Т.А.Кузминская1

Письмо Г.П.Блоку

 

Имение «Ясная Поляна»

9 декабря 1920 года

Многоуважаемый Георгий Петрович!

 

Мне очень совестно, что я так долго не исполнила Вашей просьбы. Была занята тем же, что и теперь, т.е. давала сведения о Льве Николаевиче, что было легче. Все же постараюсь сообщить Вам что-либо о Фете, но предупреждаю, что воспоминания мои весьма бедны.

Афанасий Афанасьевич был очень однообразен, но вместе с тем и своеобразен. Он вмещал в себя двух разнообразных людей: поэта и очень практичного житейского человека. Молодой Фет от старого Фета-Шеншина отличался мало как внешностью, так и внутренним миром, по крайней мере, для постороннего человека. Он всегда любил много говорить, был красноречив, прекрасный рассказчик, и Лев Николаевич очень любил его слушать.

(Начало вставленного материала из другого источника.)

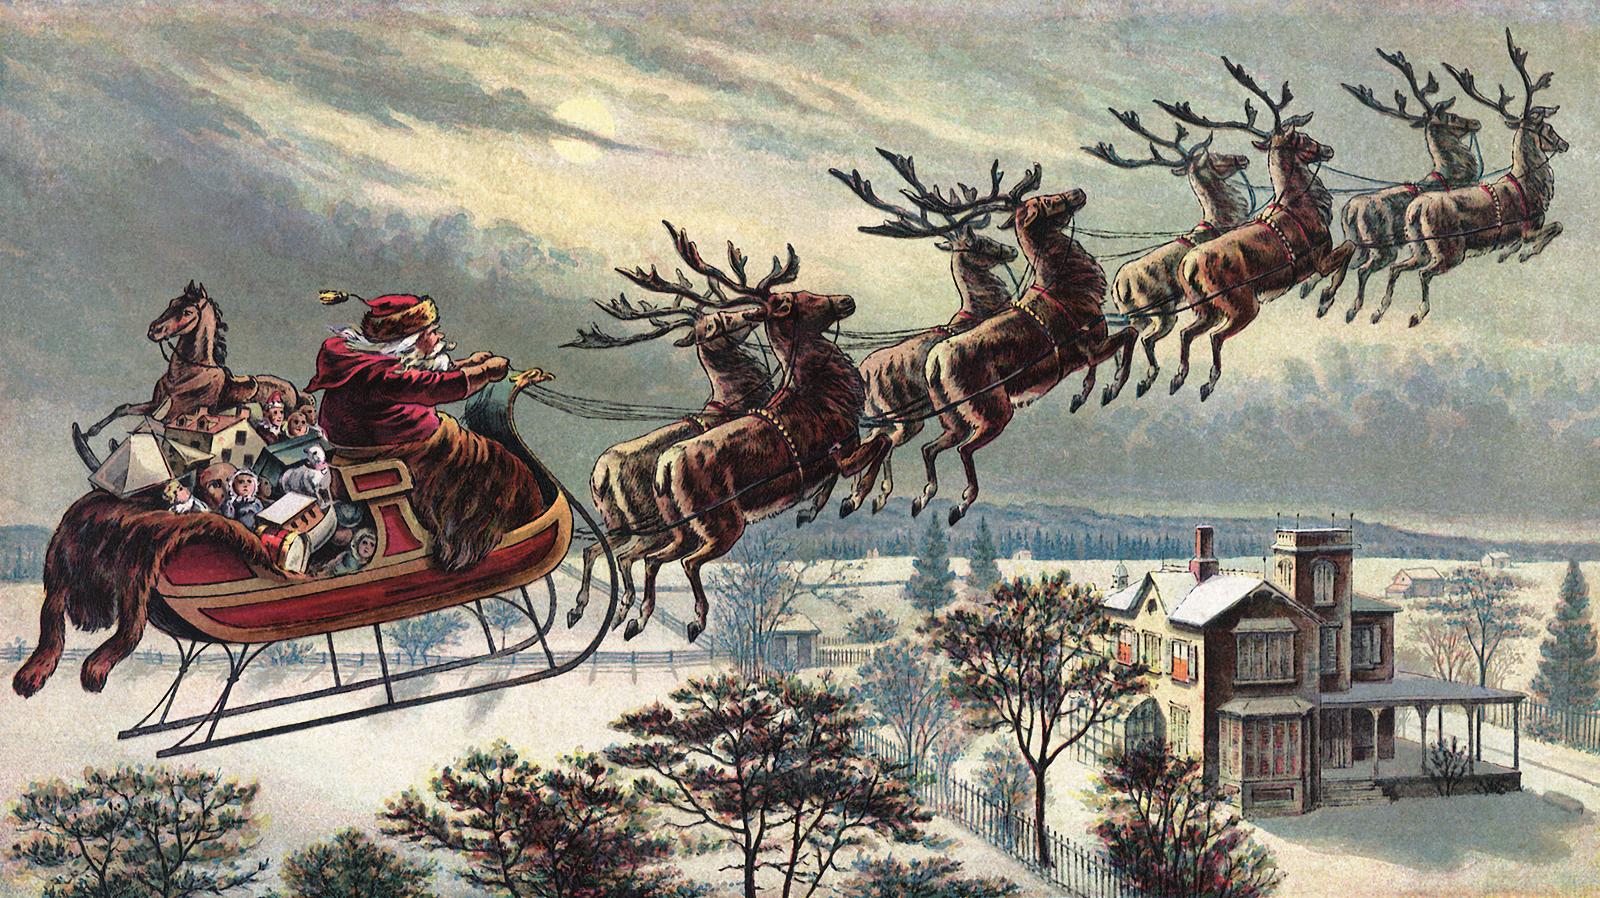 Santas Reindeer Names Santa claus' reindeer

Познакомилась я с ним, когда мне было 15-16 лет. Его привез к нам Лев Николаевич. Это был не первой молодости, довольно красивый (в пошлом смысле) человек, с еврейским типом, немного выше среднего роста, довольно плотный, со спокойными, скорее медлительными манерами, маленькими выхоленными руками.

Он обедал у нас и поразил нас своим живым юмором, веселым остроумием и своими оригинальными суждениями.

Обед был оживленный. Лев Николаевич, видимо, был доволен. Он как бы подносил нам Фета на блюде. Афанасий Афанасьевич любил, чтобы его слушали, хвалили и обращали бы на него внимание. Отчасти, конечно, он имел на это право.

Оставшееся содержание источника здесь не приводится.